AWS Lambda sink
This page explains how to configure and use AWS Lambda with OpenSearch Data Prepper, enabling Lambda functions to serve as both processors and sinks.
Configuration
Configure the Lambda sink using the following parameters.
| Field | Type | Required | Description |
|---|---|---|---|
function_name | String | Yes | The name of the AWS Lambda function to invoke. |
invocation_type | String | No | Specifies the invocation type. Default is event. |
aws.region | String | Yes | The AWS Region in which the Lambda function is located. |
aws.sts_role_arn | String | No | The Amazon Resource Name (ARN) of the role to assume before invoking the Lambda function. |
max_retries | Integer | No | The maximum number of sink-level retries if the Lambda invocation fails. This controls Data Prepper’s retry logic. Default is 3. |
client.max_retries | Integer | No | The maximum number of AWS SDK client-level retries for individual API calls. This controls the underlying SDK retry mechanism for network or service errors. Default is 3. |
client.api_call_timeout | Duration | No | The total timeout for the entire API call including all retries. Default is 60s. |
client.api_call_attempt_timeout | Duration | No | The timeout for each individual retry attempt. If not specified, AWS SDK defaults are used. |
client.connection_timeout | Duration | No | The SDK connection timeout. Default is 60s. |
client.read_timeout | Duration | No | The amount of time the SDK waits for data to be read from an established connection. If not specified, AWS SDK defaults are used. |
client.max_concurrency | Integer | No | The maximum number of concurrent threads in the client. Default is 200. |
client.base_delay | Duration | No | The base delay for the exponential backoff. Default is 100ms. |
client.max_backoff | Duration | No | The maximum backoff time for the exponential backoff. Default is 20s. |
batch | Object | No | Optional batch settings for Lambda invocations. Default is key_name = events. Default threshold is event_count=100, maximum_size="5mb", and event_collect_timeout = 10s. |
lambda_when | String | No | A conditional expression that determines when to invoke the Lambda sink. |
dlq | Object | No | The dead-letter queue (DLQ) configuration for failed invocations. |
Example configuration
sink:
- aws_lambda:
function_name: "my-lambda-sink"
invocation_type: "event"
aws:
region: "us-west-2"
sts_role_arn: "arn:aws:iam::123456789012:role/my-lambda-sink-role"
max_retries: 5
client:
max_retries: 3
api_call_timeout: PT60S
api_call_attempt_timeout: PT30S # Optional: per-attempt timeout
connection_timeout: PT60S
read_timeout: PT15M # Optional: for long-running Lambda functions
max_concurrency: 200
base_delay: PT0.1S
max_backoff: PT20S
batch:
key_name: "events"
threshold:
event_count: 50
maximum_size: "3mb"
event_collect_timeout: PT5S
lambda_when: "event['type'] == 'log'"
dlq:
region: "us-east-1"
sts_role_arn: "arn:aws:iam::123456789012:role/my-sqs-role"

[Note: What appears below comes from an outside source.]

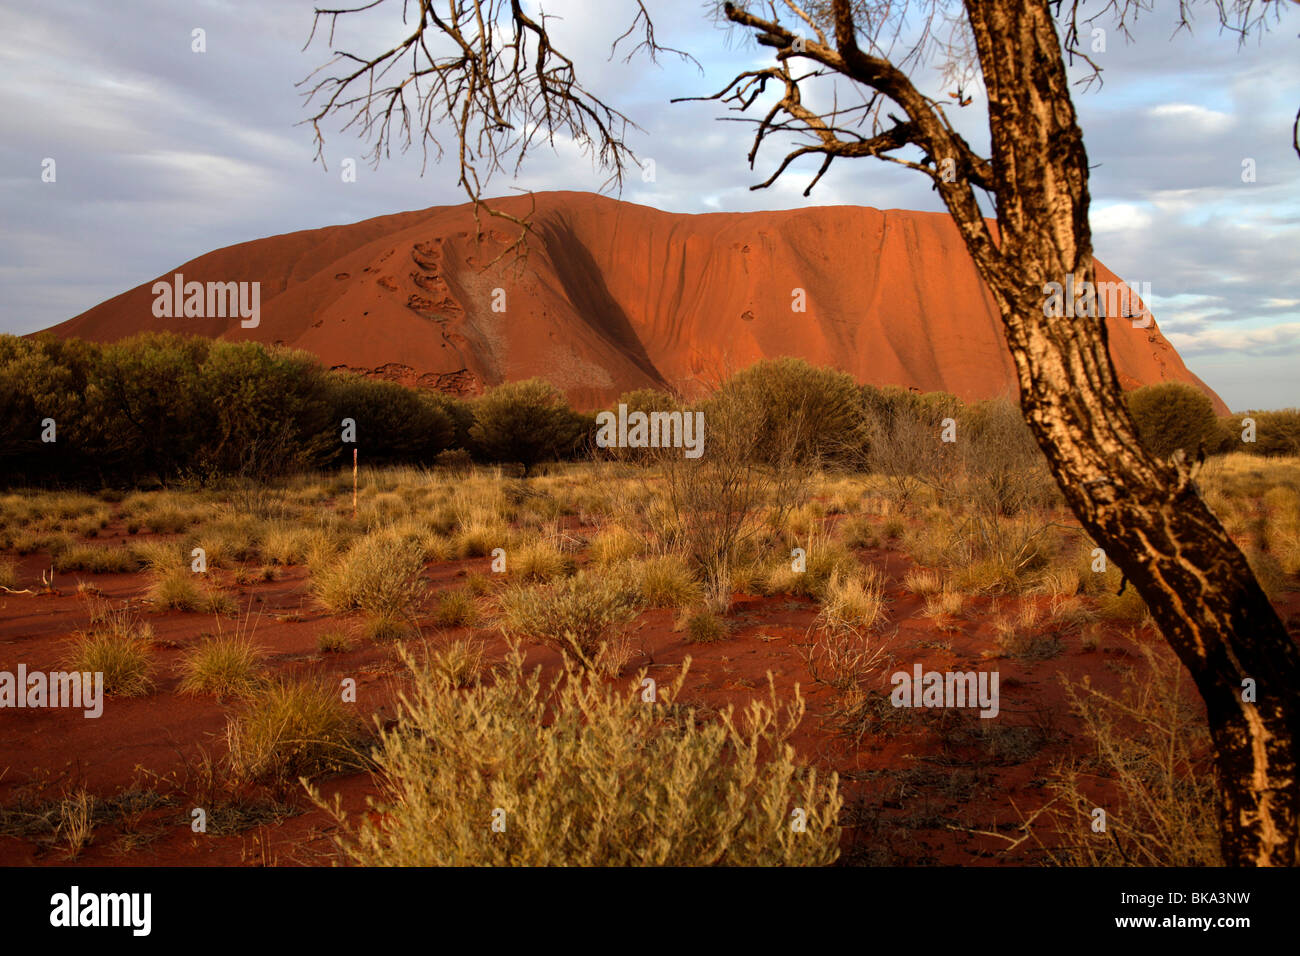 world-renowned sandstone formation Uluru or Ayers Rock , Northern Territory, Australia Stock Photo

bucket: "<<your-dlq-bucket-name>>"
Timeout configuration
The AWS Lambda sink supports multiple timeout layers following AWS SDK best practices:
api_call_timeout: The total amount of time for the entire API call including all retries.api_call_attempt_timeout: The time limit for each individual attempt.read_timeout: The amount of time to wait for data from an established connection.
For Lambda functions that run for longer than 60 seconds, configure both api_call_timeout and read_timeout to appropriate values.
Usage
The invocation types are as follows:
event(Default): Executes functions asynchronously without waiting for responses.request-response(Sink only): Executes functions synchronously, though responses are not processed.batch: Automatically groups events based on configured thresholds.dlq: Supports the DLQ configuration for failed invocations after retry attempts.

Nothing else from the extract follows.